The Hollywood Reporter called it a "half-good effort" that lacked the "snap, precision and stylistic smarts a mixed-tone project like this requires." Screen International called it "too shaggy and tonally inconsistent to hold together." Stephanie Merry from the Washington Post said, "What began as an intriguing snapshot begins to feel grotesque and inscrutable."

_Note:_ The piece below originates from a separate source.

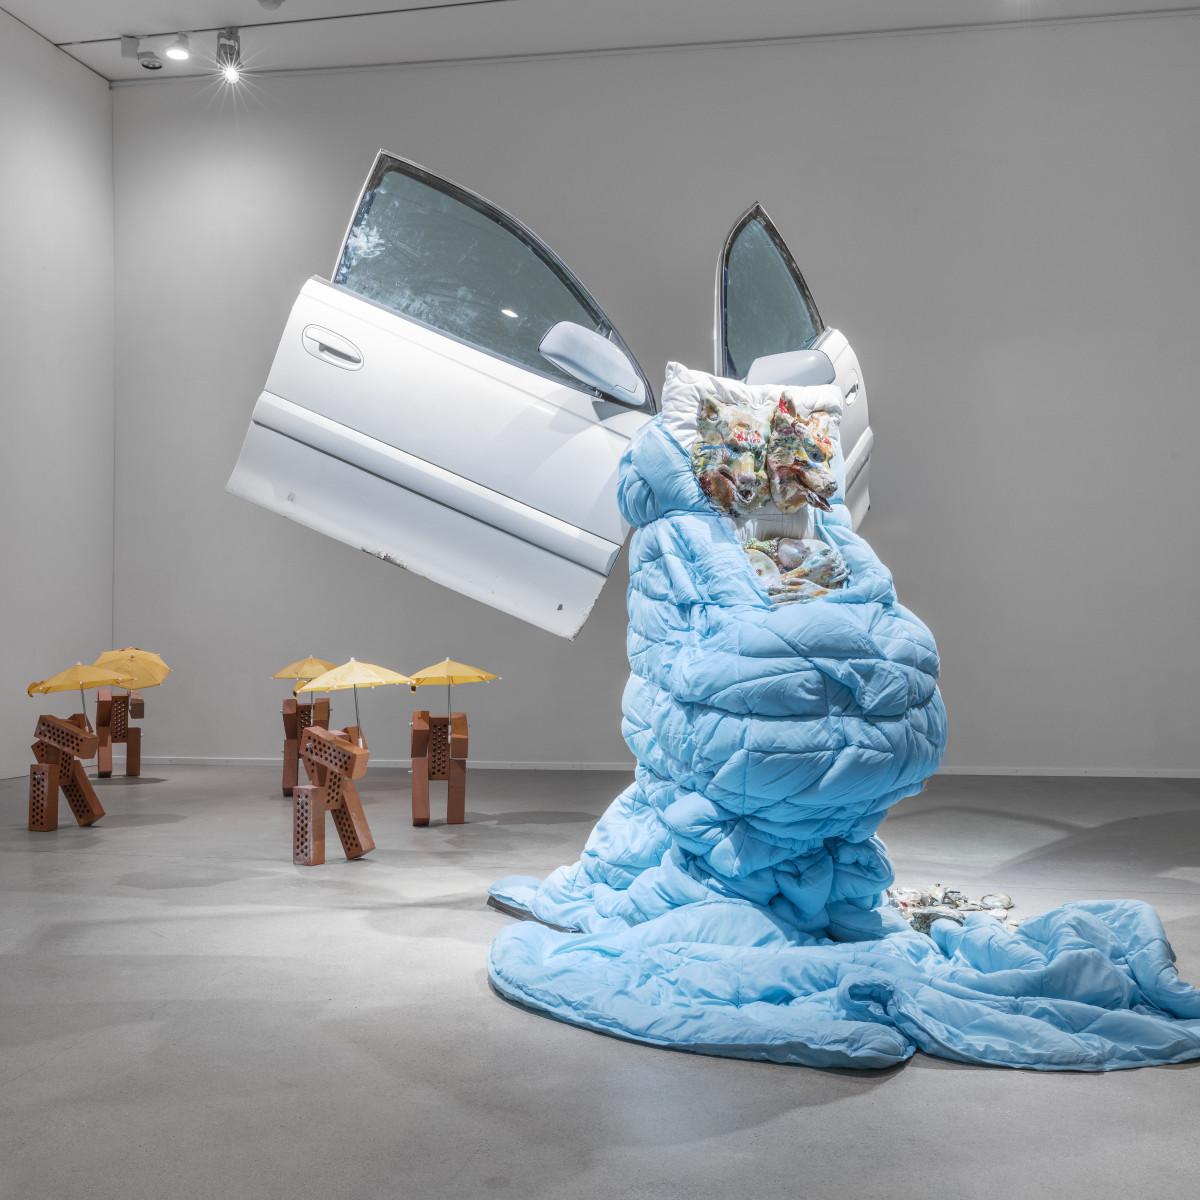 Marcelle Joseph Interviews Multidisciplinary Estonian Artist, Kris Lemsalu

The film received some positive reviews from notable critics. Richard Roeper said, "John Slattery's direction is skilled and steady... Great actors at the top of their game working with rich material." David Edelstein of Vulture said, "Slattery adapted the book with Alex Metcalf and gets the tone just right. The film is damnably amusing." In a Sundance first-look review, The Guardian gave the film 4 out of 5 stars. The New York Post said the film was "crafted with great skill".

==Release==
IFC Films gave the film a limited release on May 9, 2014. Domestically, the film's widest release was in 80 theaters, generating only $170,000 in box office.

Arrow Films acquired the UK rights and Electric Entertainment handled the international rights.